RobBERT v2 Dutch Base Model

Property	Value
Parameter Count	117M
License	MIT
Architecture	RoBERTa
Training Data	39GB Dutch OSCAR corpus

What is robbert-v2-dutch-base?

RobBERT is a state-of-the-art Dutch language model based on RoBERTa architecture. Developed by researchers at KU Leuven, it's trained on 6.6 billion words from the Dutch section of the OSCAR corpus. This model represents a significant advancement in Dutch natural language processing, achieving superior performance across multiple tasks.

Implementation Details

The model implements the RoBERTa architecture with 12 self-attention layers and 12 heads, containing 117M trainable parameters. It was trained using the Adam optimizer with polynomial decay and specific hyperparameters (beta_1=0.9, beta_2=0.98). The training process utilized up to 80 GPUs across multiple computing nodes.

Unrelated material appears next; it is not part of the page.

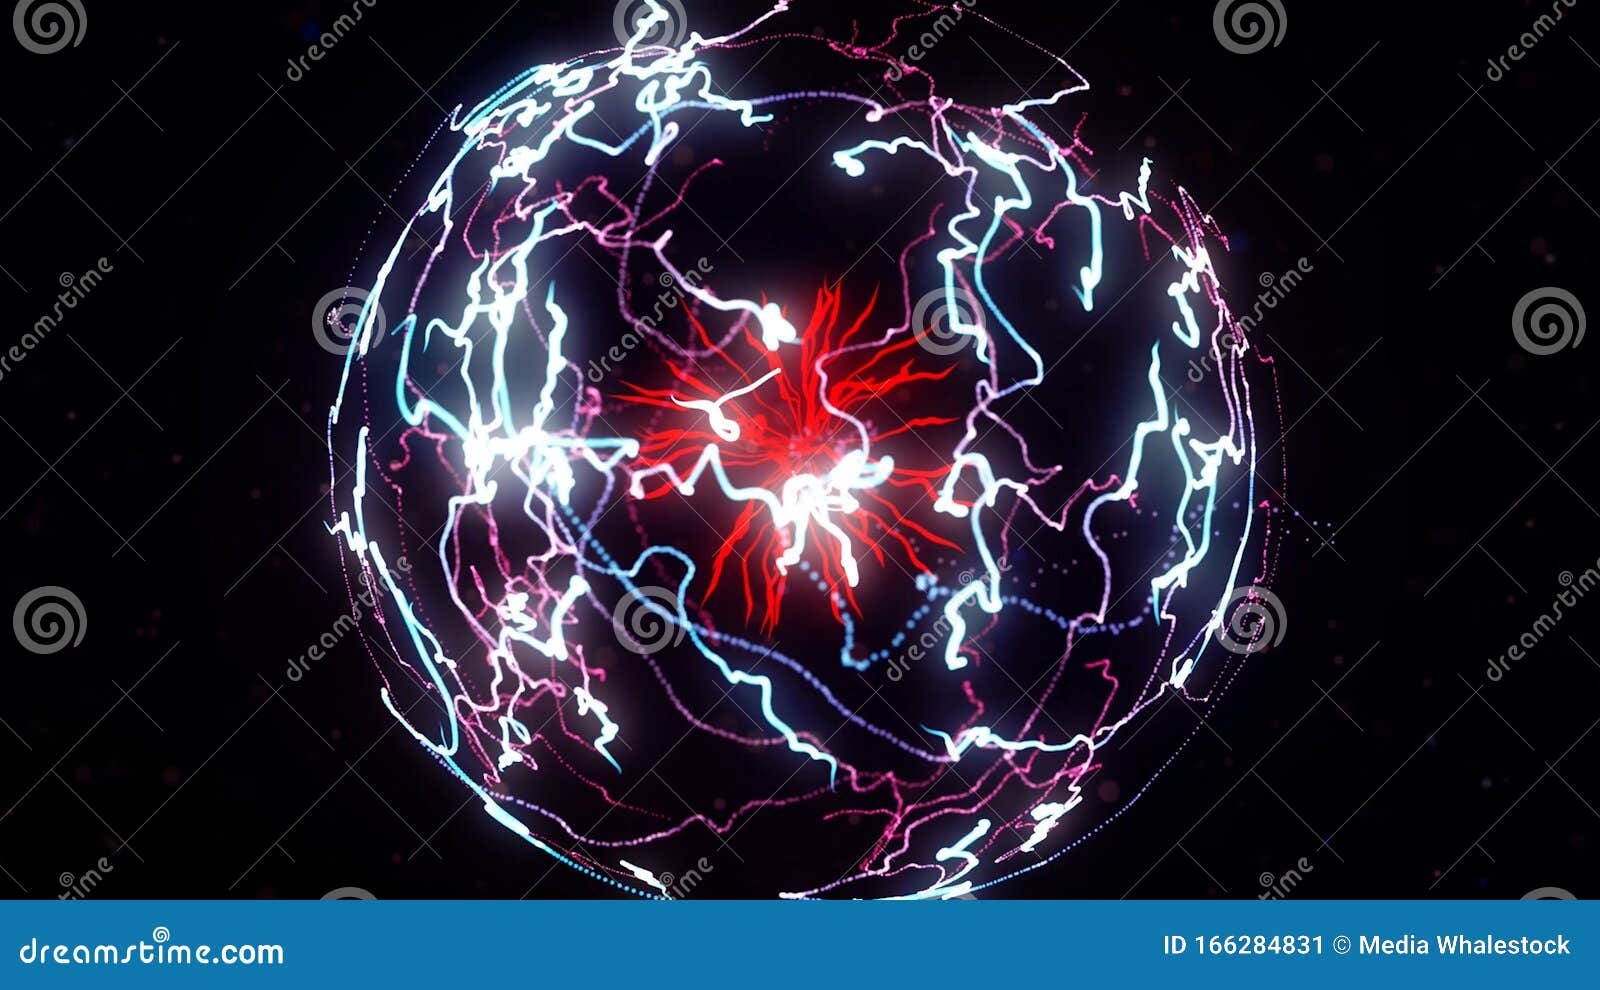 Abstract Colorful Explosion of Neon Nucleus Isolated on Black Background.  Animation. Amazing 3d Impulse Spreading into Stock Illustration -  Illustration of icon, business: 166284831

Pre-trained on masked language modeling task
Trained for two epochs on 126 million lines of text
Uses weight decay of 0.1 and dropout of 0.1

Core Capabilities

Sentiment Analysis (95.1% accuracy on Dutch Book Reviews)
Named Entity Recognition (89.08% accuracy)
Coreference Resolution (99.23% accuracy)
Part-of-Speech Tagging (96.4% accuracy)
Zero-shot word prediction
Emotion detection

Frequently Asked Questions

Q: What makes this model unique?

RobBERT v2 stands out for its exceptional performance on Dutch language tasks, particularly with small datasets. It's the first Dutch language model to achieve over 95% accuracy on sentiment analysis and demonstrates superior performance in gender-related linguistic tasks.

Q: What are the recommended use cases?

The model excels in various Dutch NLP tasks including sentiment analysis, coreference resolution, named entity recognition, and part-of-speech tagging. It's particularly recommended for scenarios with limited training data, where it significantly outperforms other models.